The Dock

There is a pond that we visit most summers, out near the end of Cape Cod. This pond has a small, rectangular, floating dock about 40 meters off its narrow, sandy beach. During most of the day, the dock is dripping with kids, and things sometimes get chaotic out there, lots of pushing and shoving and splashing, the platform itself shifting around on its tether.

When my kids were very young they dreamed of making it out to the dock, and I remember clearly the first times they were able to swim all the way out on their own. Maybe they climbed up and dove off again a few times, before things got out of hand, before the teenagers made the thing inhospitable for the younger ones.

I think of that dock sometimes when I’m running.

Because my Achilles hurts and because I’m tired and because the First Mile Is a Lie, it can feel like I’m just swimming out to that dock, struggling, looking for a place to float. If I have a friend along, it’s like swimming along next to the kids, feeling more confident because I’m not alone. Sometimes I look to the dog for that reassurance. His tongue lolls around, and he glances up at me, and his eyes say, “Isn’t this great?”

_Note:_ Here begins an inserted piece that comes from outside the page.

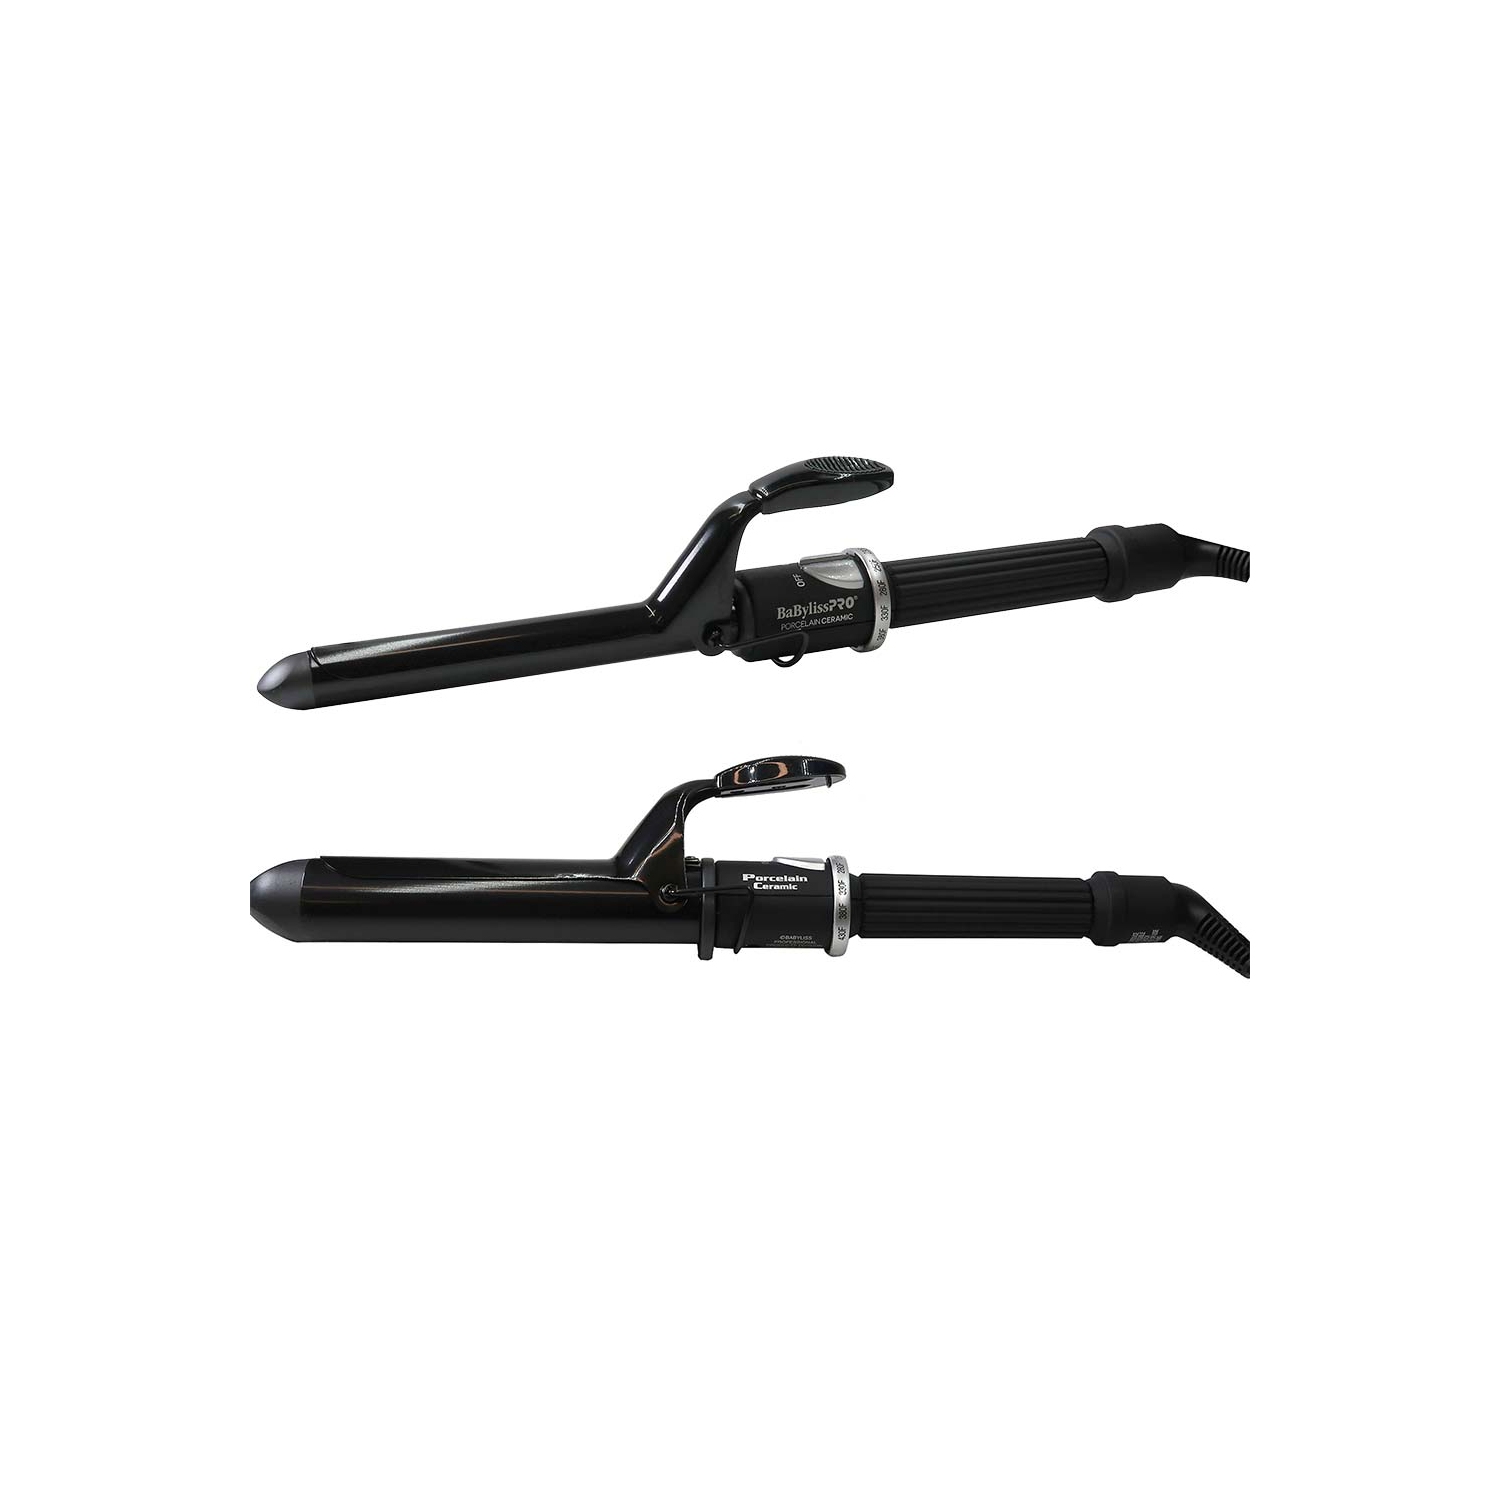 BaByliss Pro Porcelain Ceramic 3/4" Curling Iron with 1 ¼" Curling Iron

When I’m alone I have to fall back on the faith that going forward is always better than going back., and so I keep going until I find that place where the run is running itself, my legs just falling forward through space, my breath in rhythm, my mind calm.

It’s like pulling yourself up on the dock after the swim, the sweet relief of getting there. If you’re a kid, you’re heaving for breath, water running out of your hair into your eyes, and you smile, because you finally made it. If you’re me, there just comes a moment where the discomfort ebbs away, and I can shift my thinking more towards trying to run well, to dance through the rocks and roots, to power through harder sections. Life seems bright and easy, sitting on that dock.

So, I float there as long as I can, until things start to get out of hand. I catch a toe on a rock and stumble. I feel my legs getting heavier. My breath goes ragged.

And then, like a kid who can’t quite believe he made it to the dock in the first place, I’m just trying to get back to shore.